** Dataset excerpt **
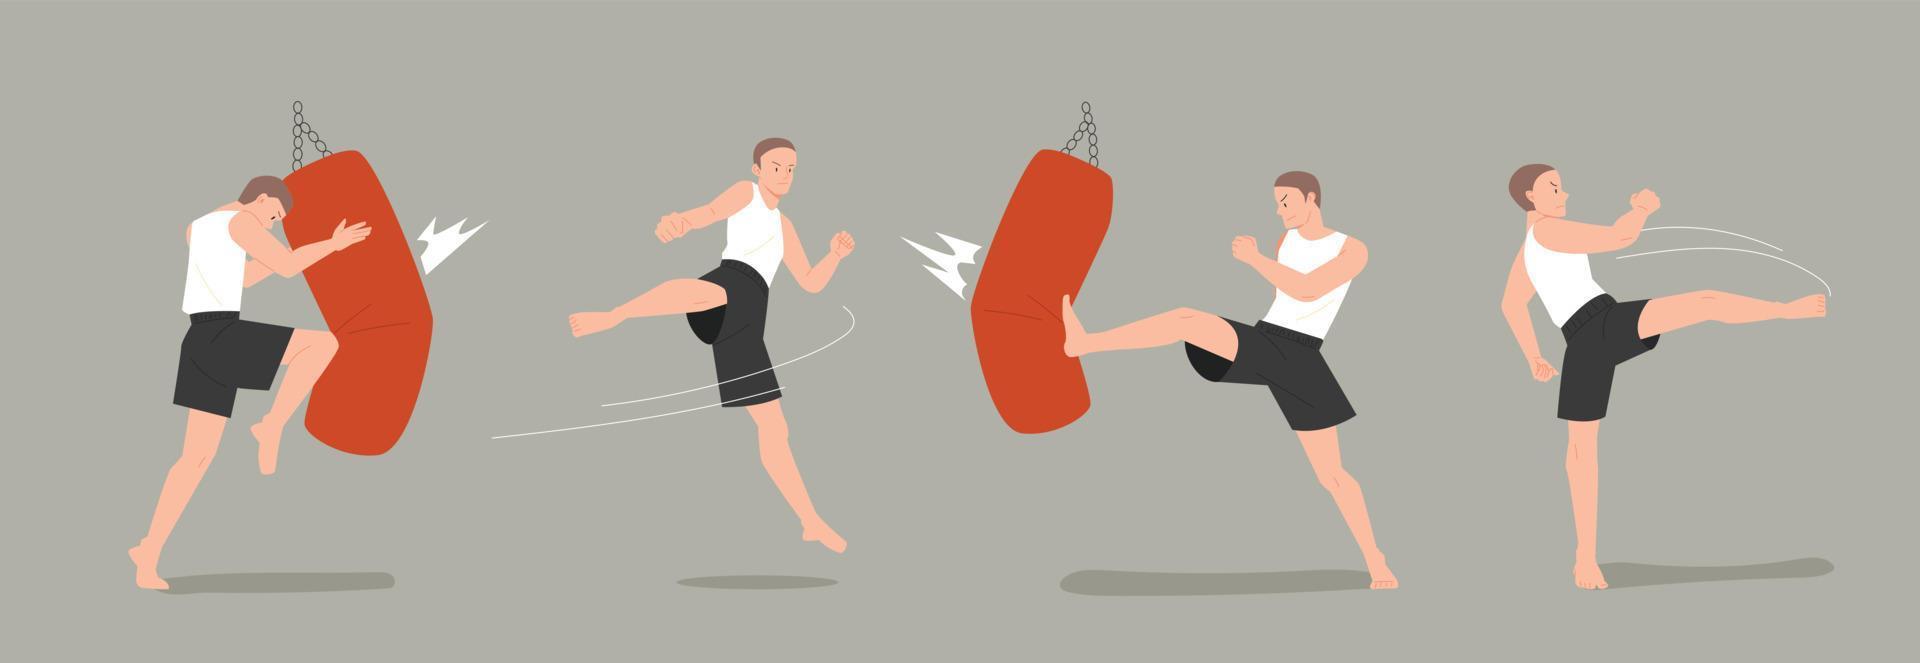 vários movimentos de treinamento de kickboxers na academia. ilustração em vetor estilo design plano.
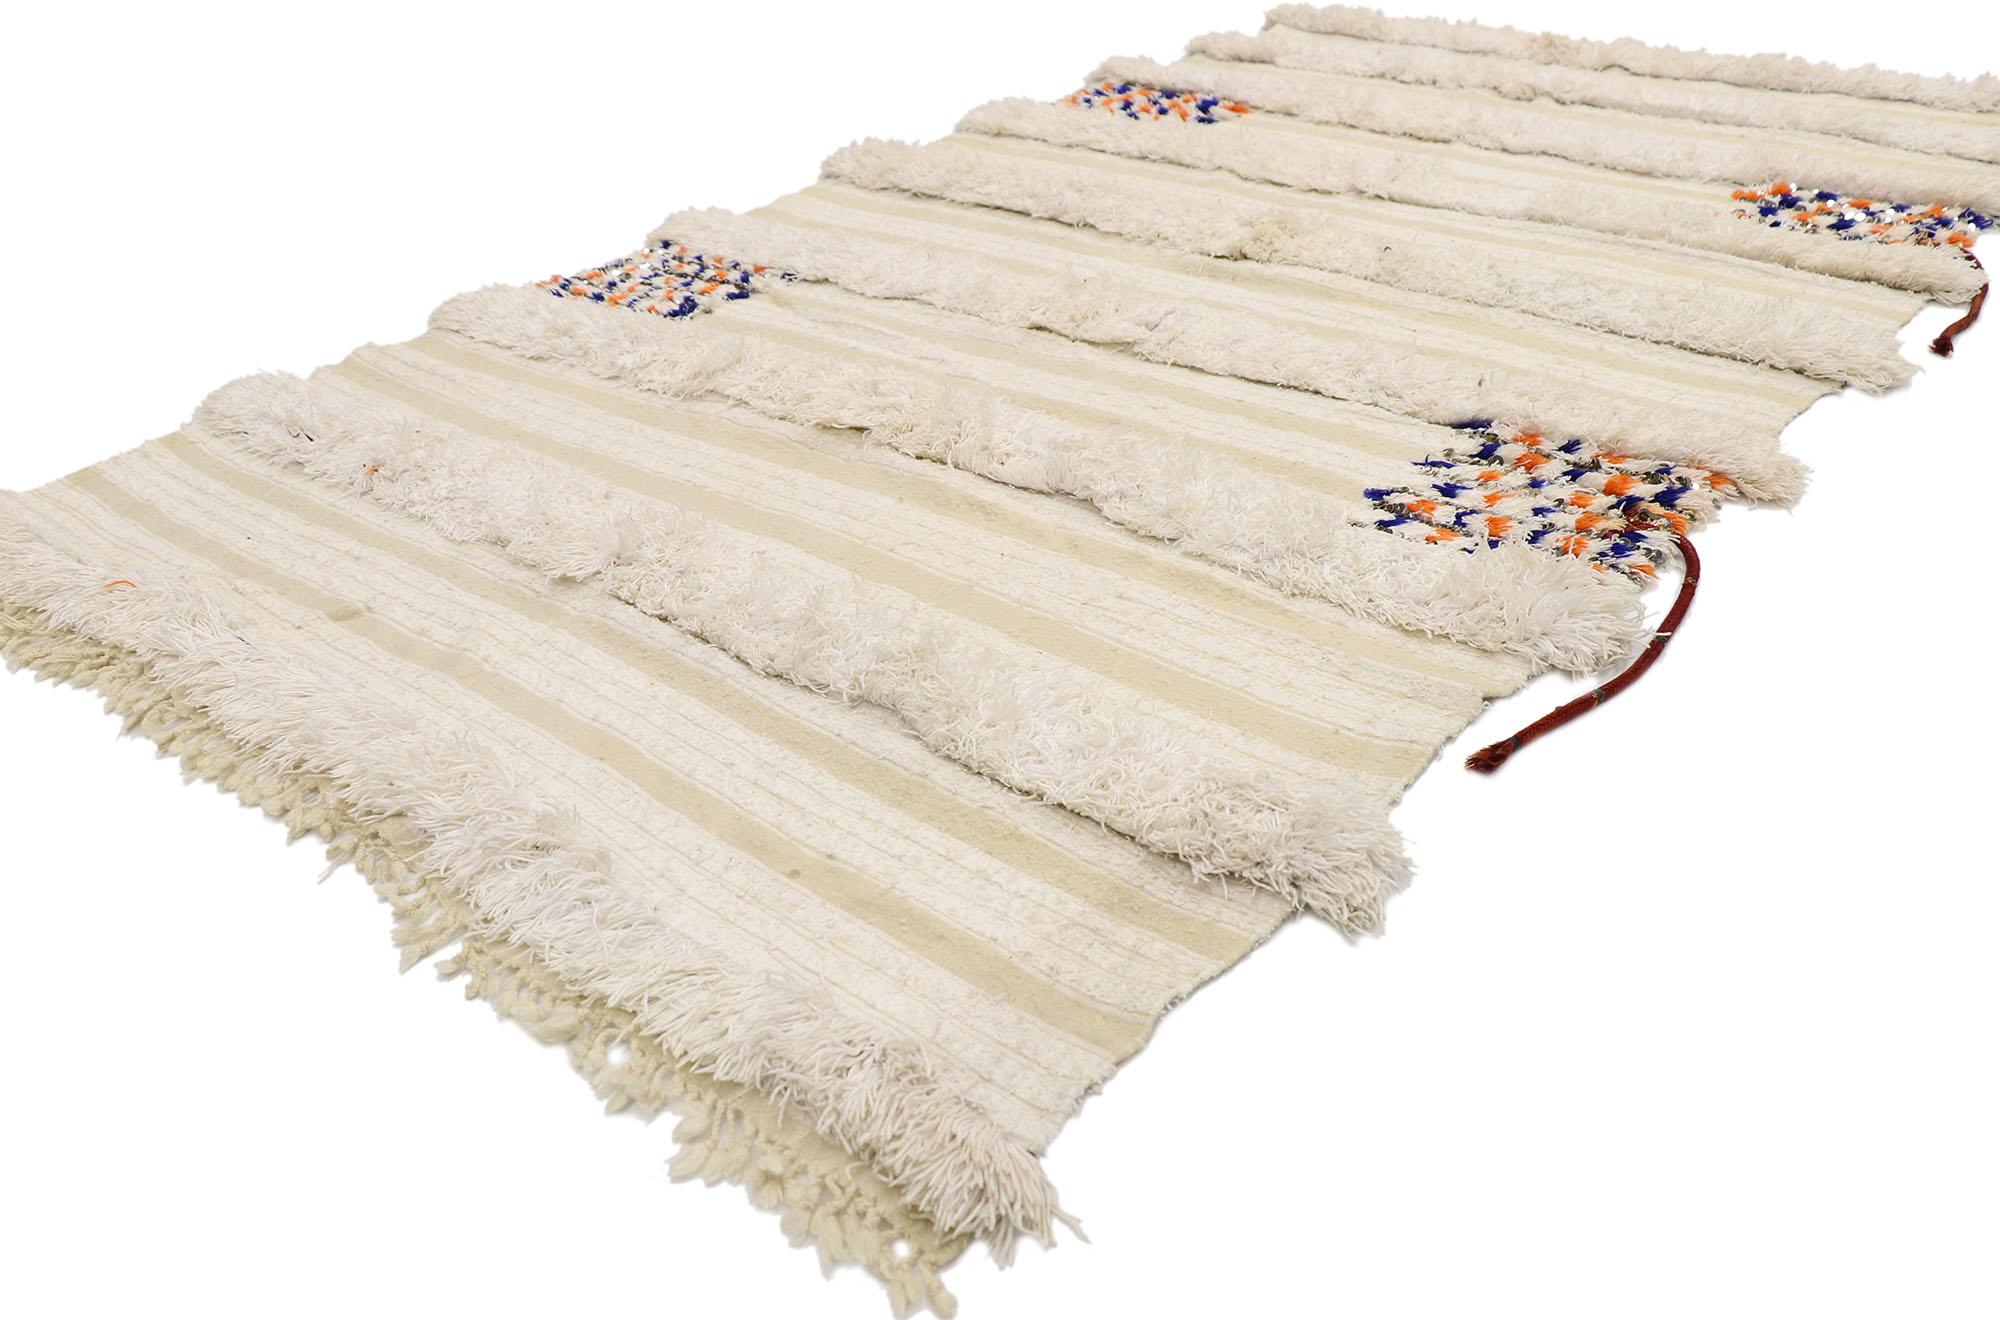 21547 Couverture de mariage marocain vintage avec liens de cap d'origine, 04'00 x 07'06. Cette couverture de mariage marocaine vintage en laine tissée à la main, également connue sous le nom de Tamizart Handira berbère, présente des rangées de
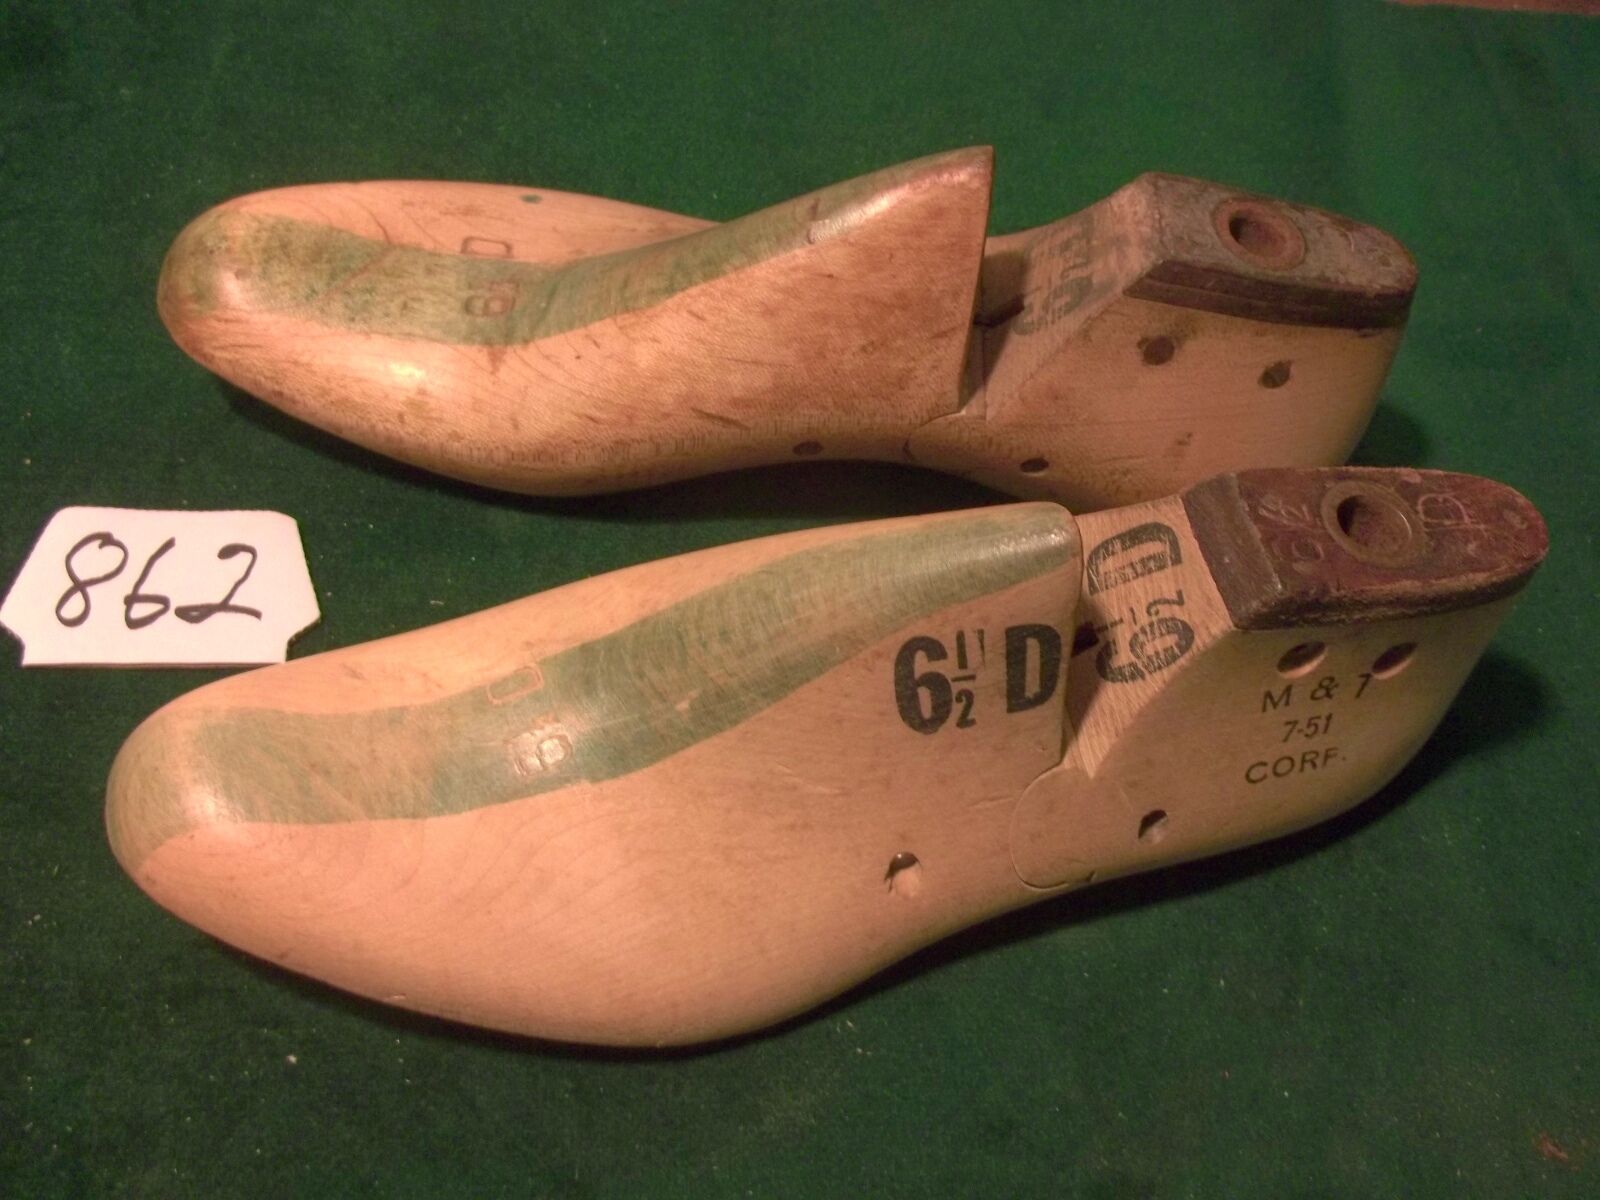 Vintage 1951 Pair US NAVY Size 6-1/2 D M & T Industrial Shoe Factory Lasts #862

** Required action **
Would you please set down the data above again exactly, without its pictures?

** Answer **
 vários movimentos de treinamento de kickboxers na academia. ilustração em vetor estilo design plano.
 21547 Couverture de mariage marocain vintage avec liens de cap d'origine, 04'00 x 07'06. Cette couverture de mariage marocaine vintage en laine tissée à la main, également connue sous le nom de Tamizart Handira berbère, présente des rangées de
 Vintage 1951 Pair US NAVY Size 6-1/2 D M & T Industrial Shoe Factory Lasts #862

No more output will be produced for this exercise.